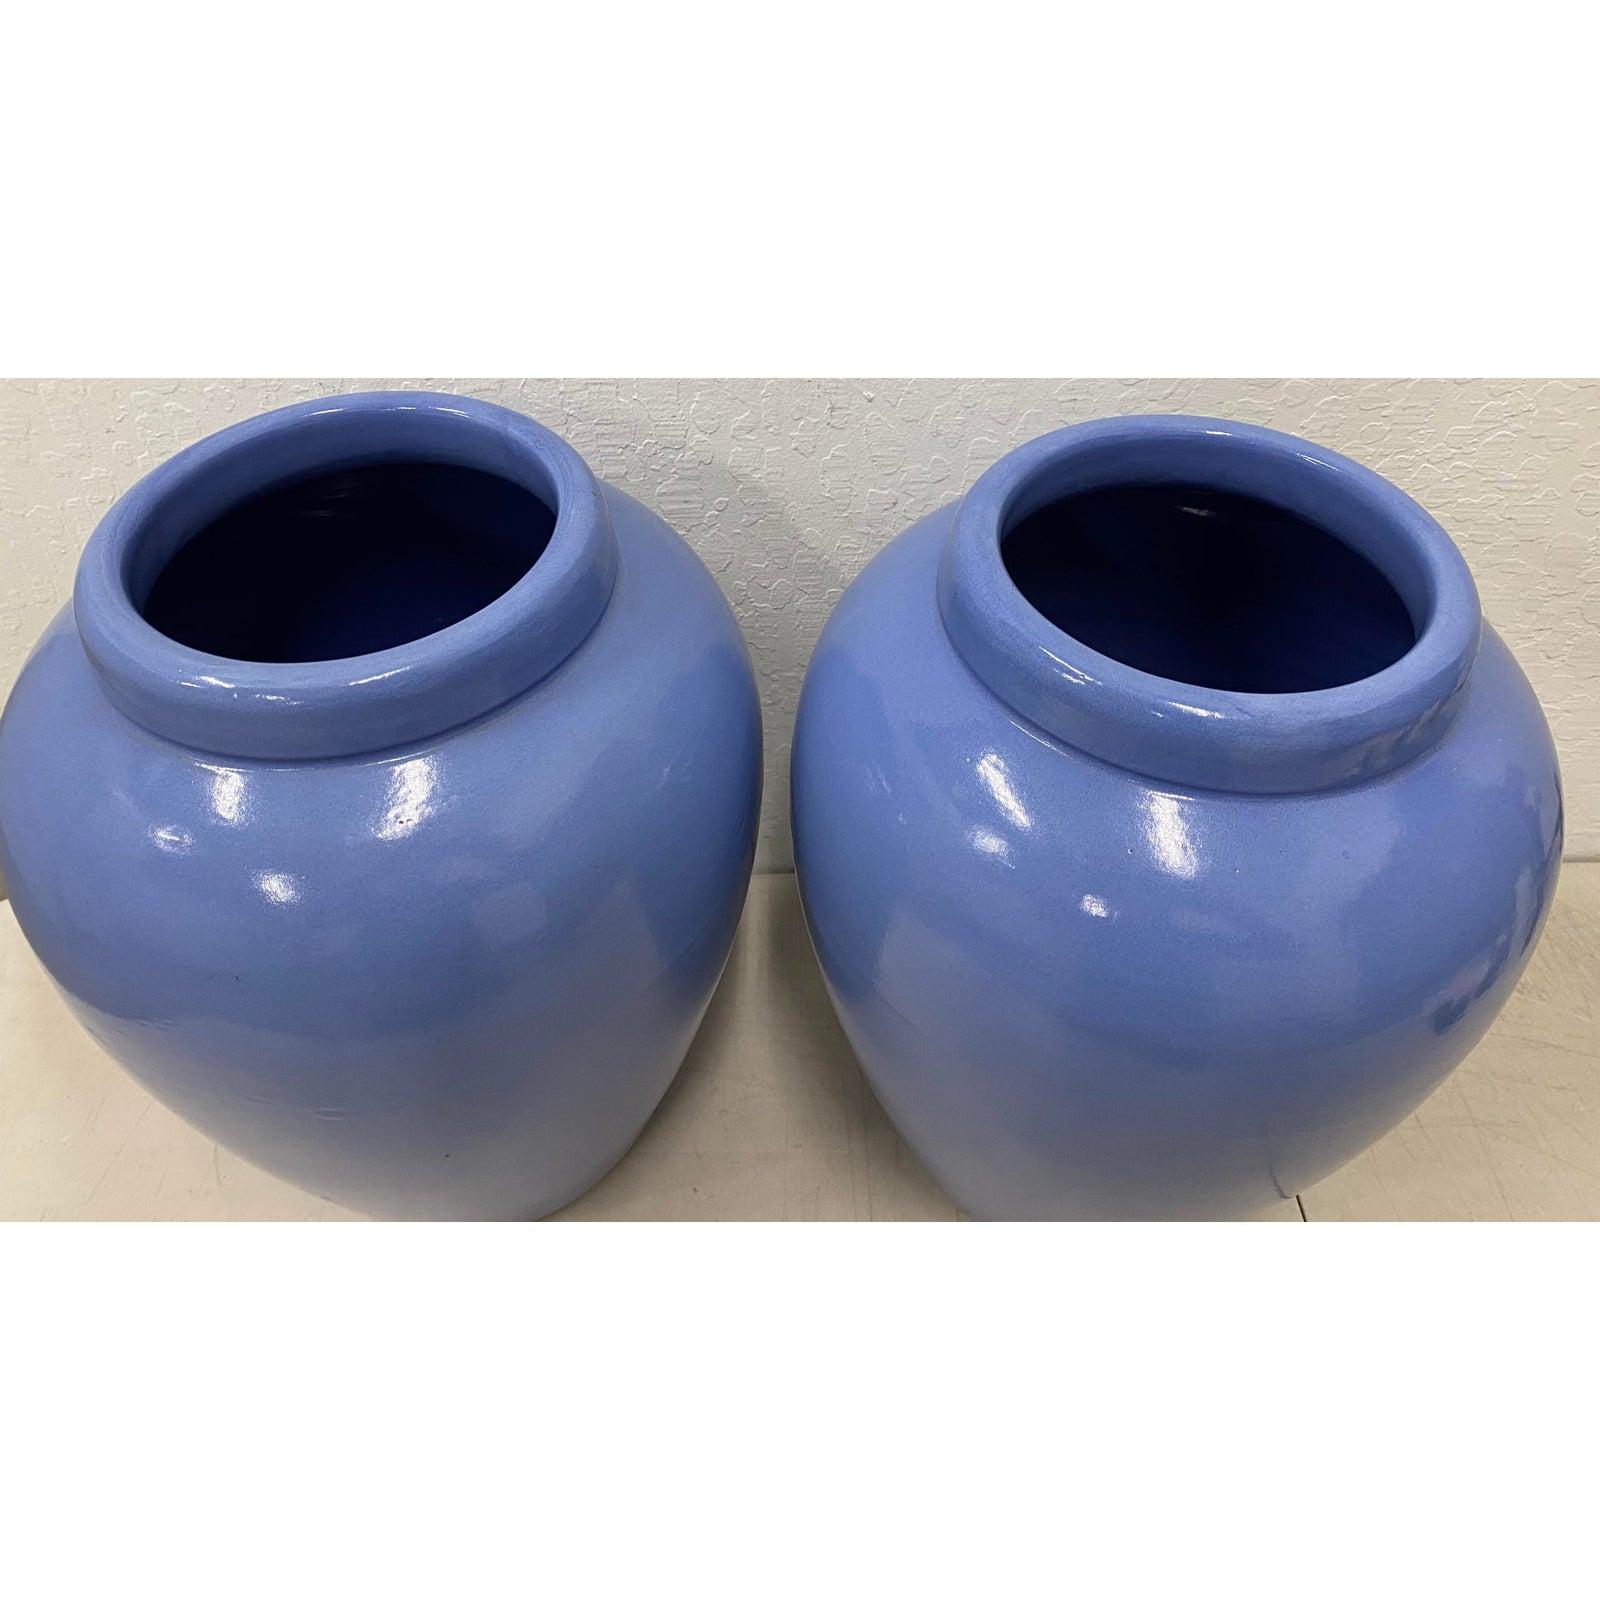 Pair of vintage cornflower blue oil storage jars, circa 1930

Dimensions 8
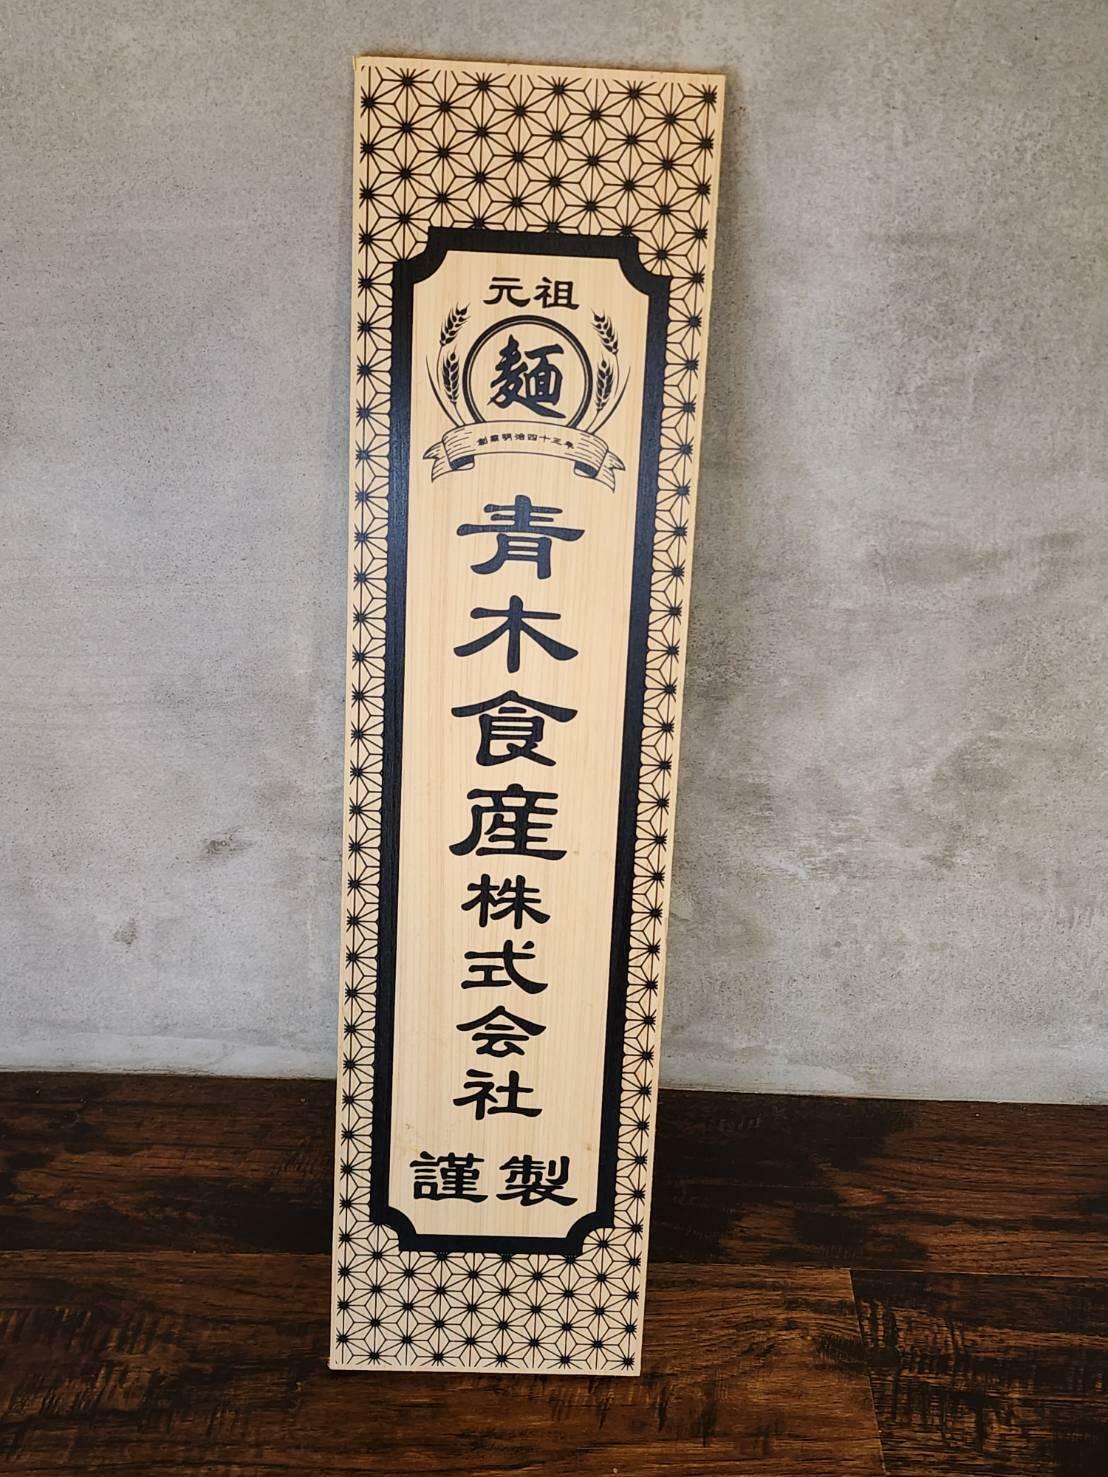 福岡の名製麺所「青木食産」の木札が飾られている
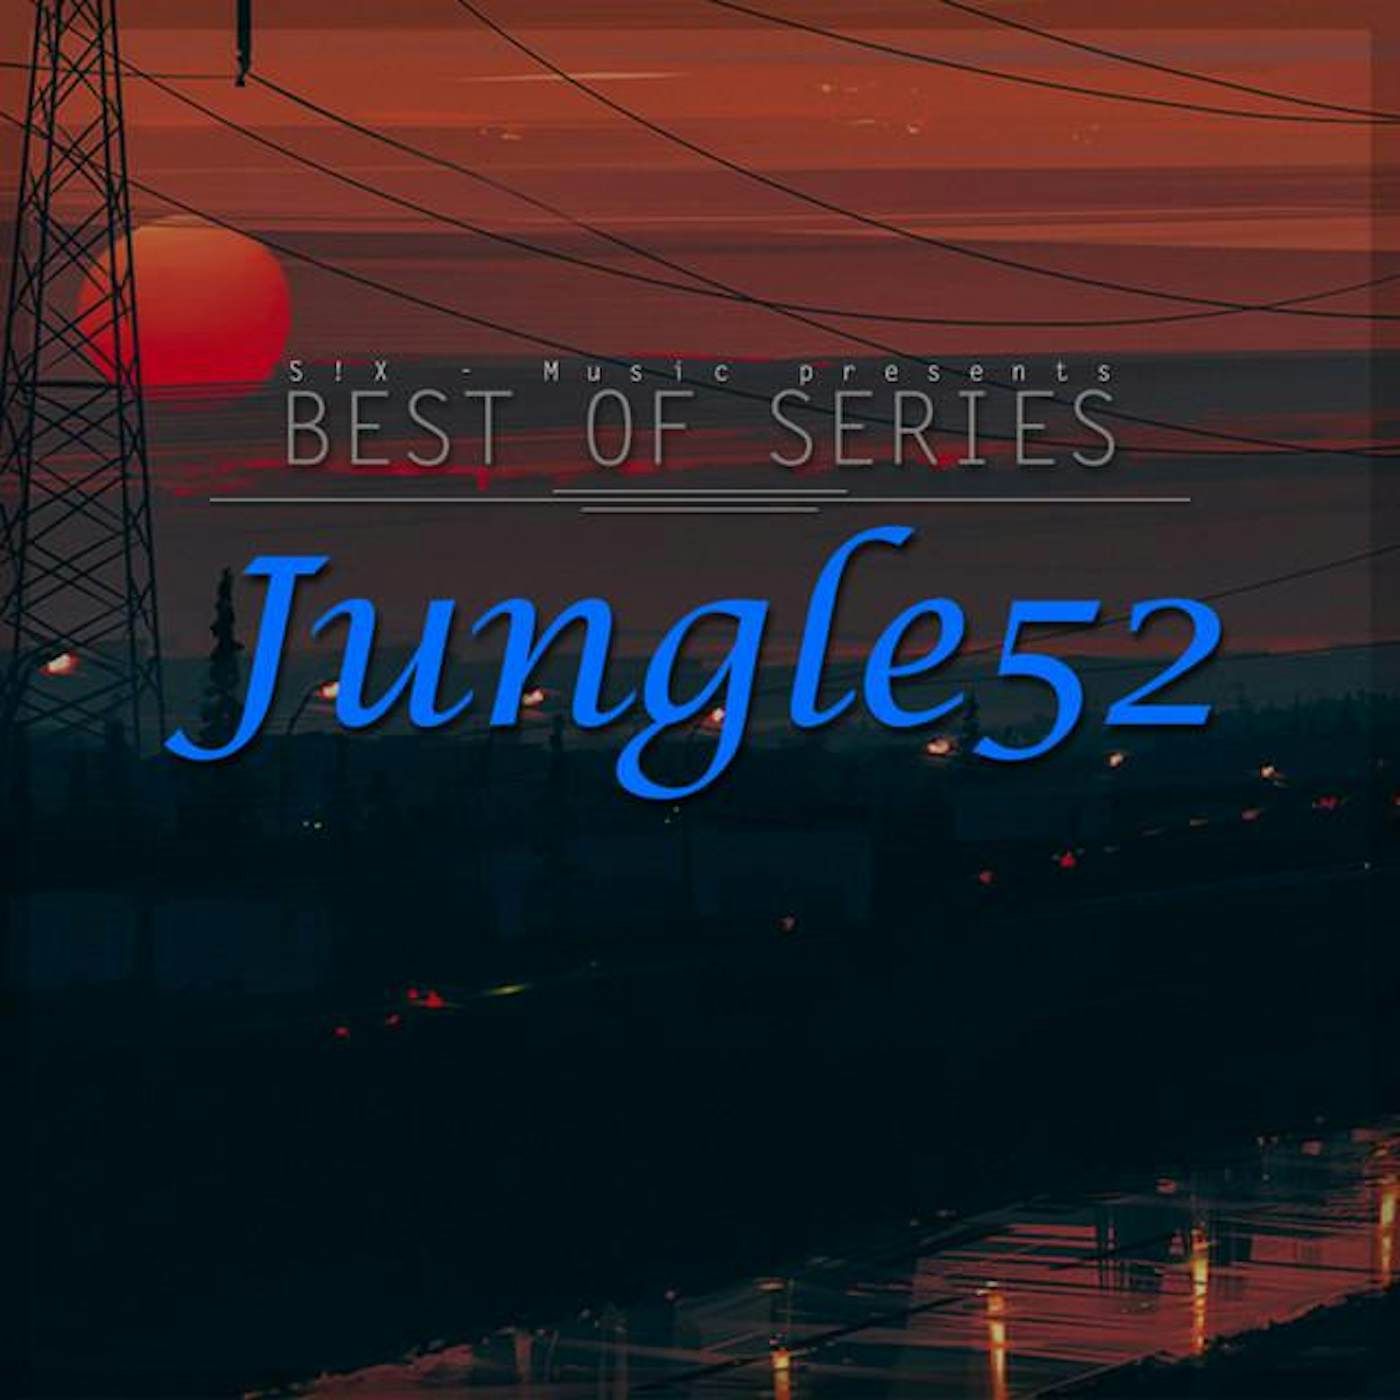 Jungle52
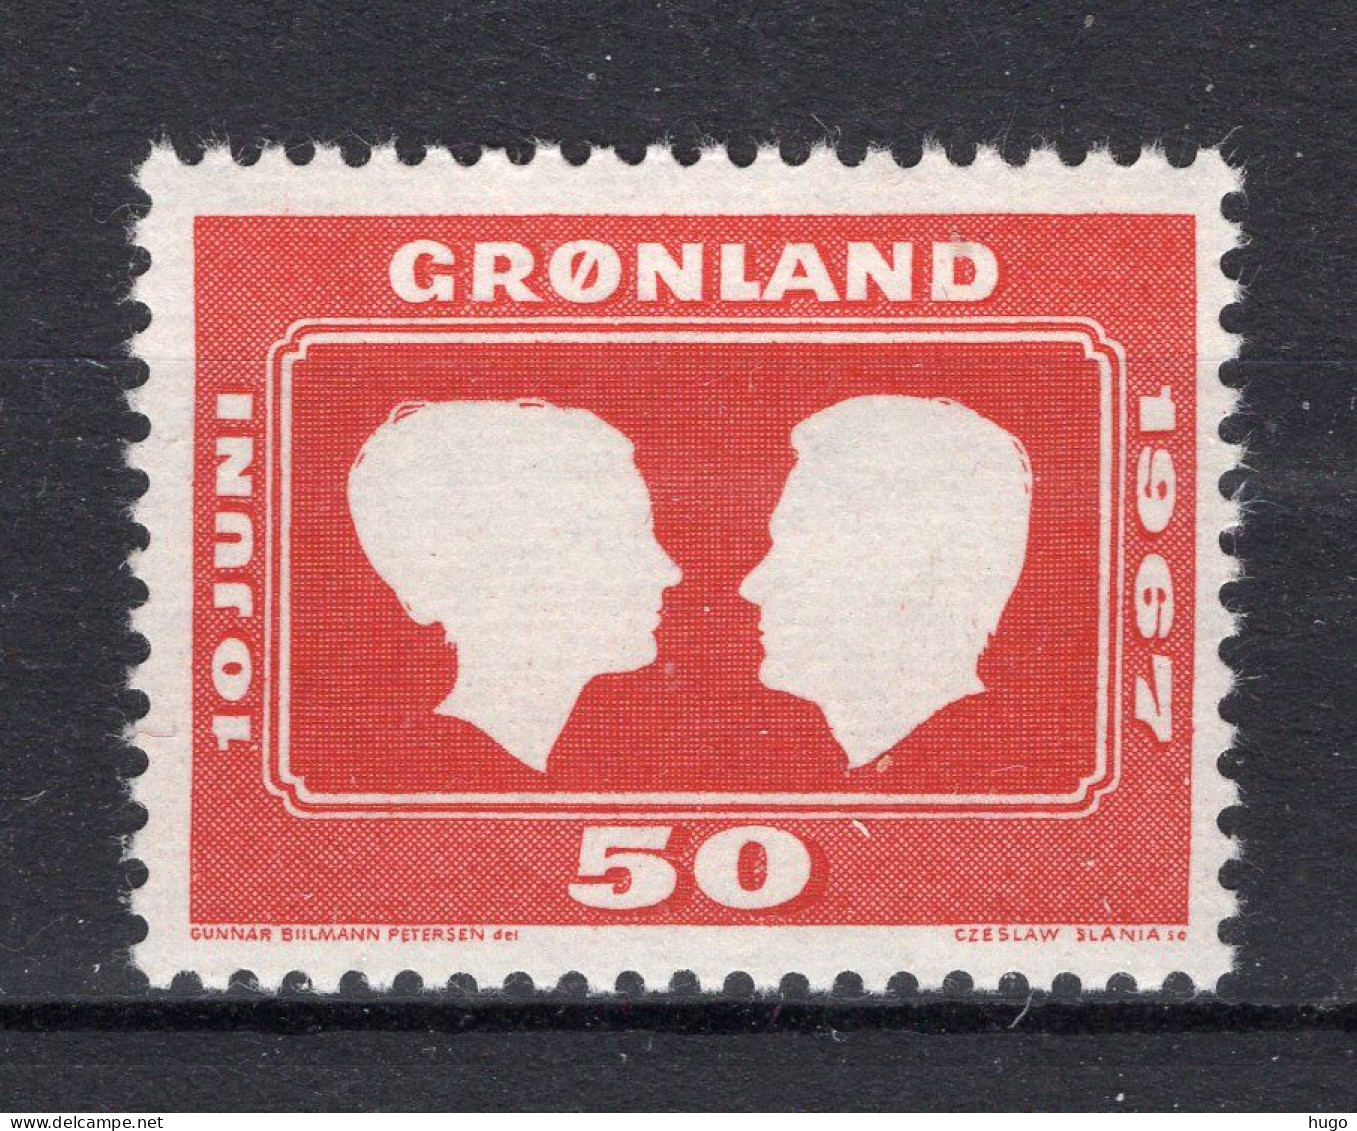 DENEMARKEN-GROENLAND 59 MNH 1967 - Nuovi

____

- [Work request]:
Would you please output each record exactly, leaving the images out?

- [Expected answer]:
 Pair of vintage cornflower blue oil storage jars, circa 1930

Dimensions 8
 福岡の名製麺所「青木食産」の木札が飾られている
 Jungle52
 DENEMARKEN-GROENLAND 59 MNH 1967 - Nuovi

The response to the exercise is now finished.